[GOAL] Re: Open Access Priorities: Peer Access and Public Access

Stevan Harnad harnad at ecs.soton.ac.uk
Sun Apr 29 17:51:04 BST 2012


On 2012-04-28, at 9:25 PM, Arthur Sale wrote:

>  1    the Australian NH&MRC funder mandate that is proposed
> was strongly influenced by general public pressure to access
> biomedical research. It was not as strongly influenced by researcher
> pressure for access. I suspect the same is true of the NIH mandate 

I've always agreed that pressure for biomedical OA mandates is a 
indeed a special case, strengthened by pressure for public access. 

But that it is not  representative of all or most of research, 
whereas researcher need for  researcher access ("peer
access") is.

Researcher pressure does not induce mandates: 
mandates induce researchers to provide OA.
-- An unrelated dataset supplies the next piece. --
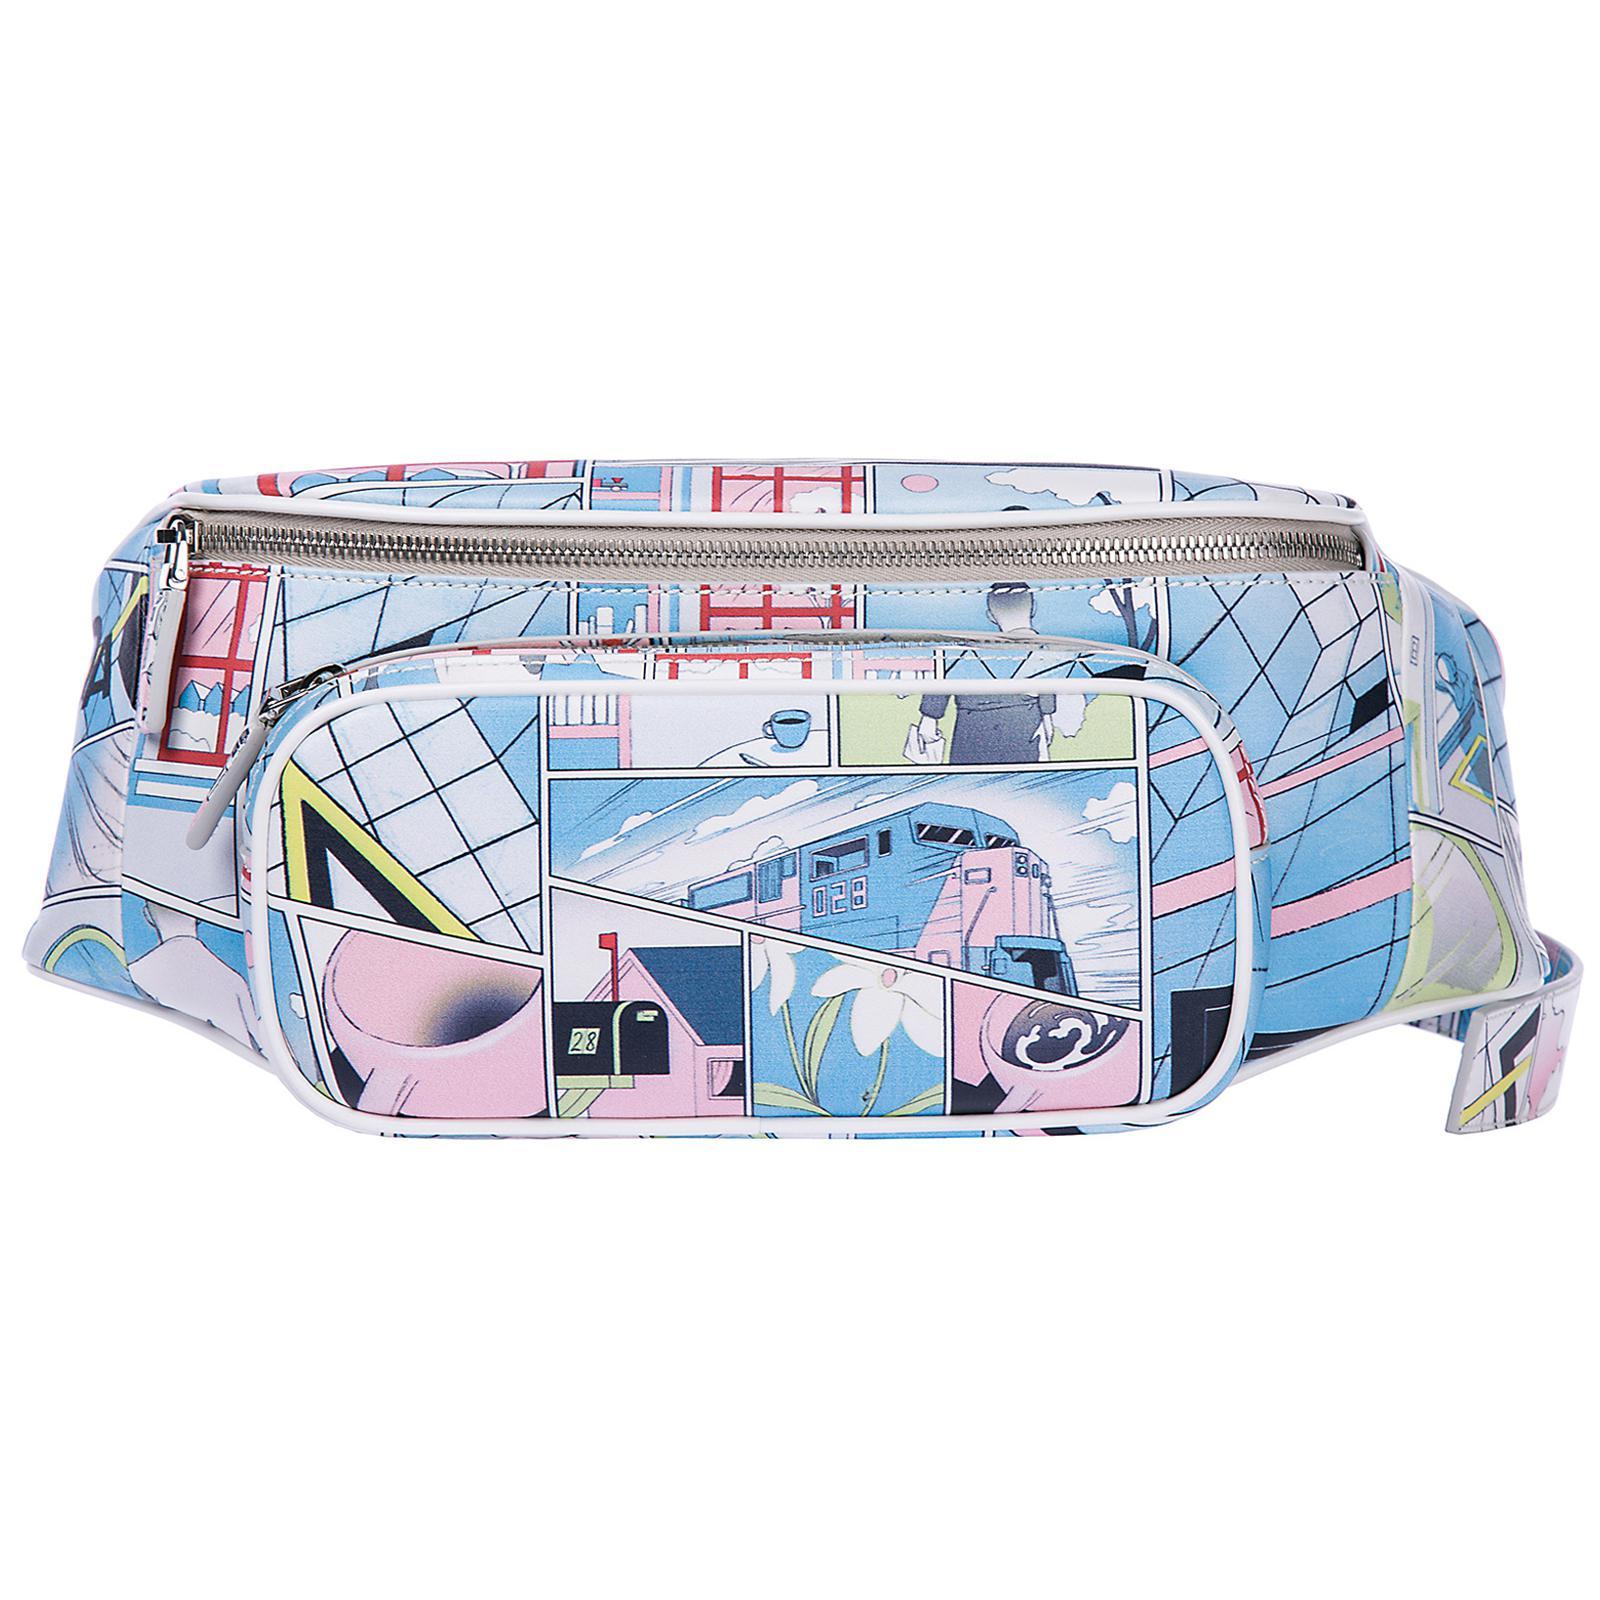 58159e7f927943 Lyst - Prada Leather Belt Bum Bag Hip Pouch Comics in Blue for Men

Researchers' (and research's) need for peer access is 
universal: it's a rationale for mandating OA to *all* research.

>  2    Industrial and commercial developers and exploiters are not researchers. 

Industrial and commercial developers and exploiters are not the general
public but appliers of research. Evidence of their uptake and usage can be as
useful a contributor to the research impact of research and researchers as
citations can be. 

But industrial applicability is not representative of all or most of research, 
whereas researchers' need for researcher access is.

>   3    I challenge the group to nominate an area of science or social science
> in which there is not public interest. 

The (undoubted) existence of *some* public interest in *some* research does
not provide a rationale for making *all* research OA, whereas researchers' 
need for researcher access does.

That is why peer access must be given priority over public access.

There is no disagreement at all about the usefulness of supplementary
rationales for providing and mandating OA, such as public access.

The substantive point is about *priorities* (and universality).

>  Let’s ditch Stevan’s Points 8 and 9 and replace them by:
> 
> X8. All peer-reviewed research outputs are of direct interest to differing
> subsets of the general public. Some have small subsets; others large.
>  
> X9. Hence, for all research, "public access to publicly funded research"
> is good reason for providing OA, or for mandating that OA be provided,
> while noting that this argument is more persuasive to managers and
> politicians than to researchers who rely on peer assessment for
> financial rewards.”

Public access is a credible supplementary rationale, for some research. 
It is not credible as the primary rationale for providing or mandating OA.

I suggest leaving the original points 8 and 9 intact, and instead treating
X8 and X9 as supplementary rationales for providing and mandating 
OA --  relevant to some but not all research output.

> For reference, the original was:
>  
> 8. But most peer-reviewed research reports themselves are neither 
> understandable nor of direct interest to the general public as reading matter.
>  
> 9. Hence, for most research, "public access to publicly funded research," 
> is not reason enough for providing OA, nor for mandating that OA be provided.”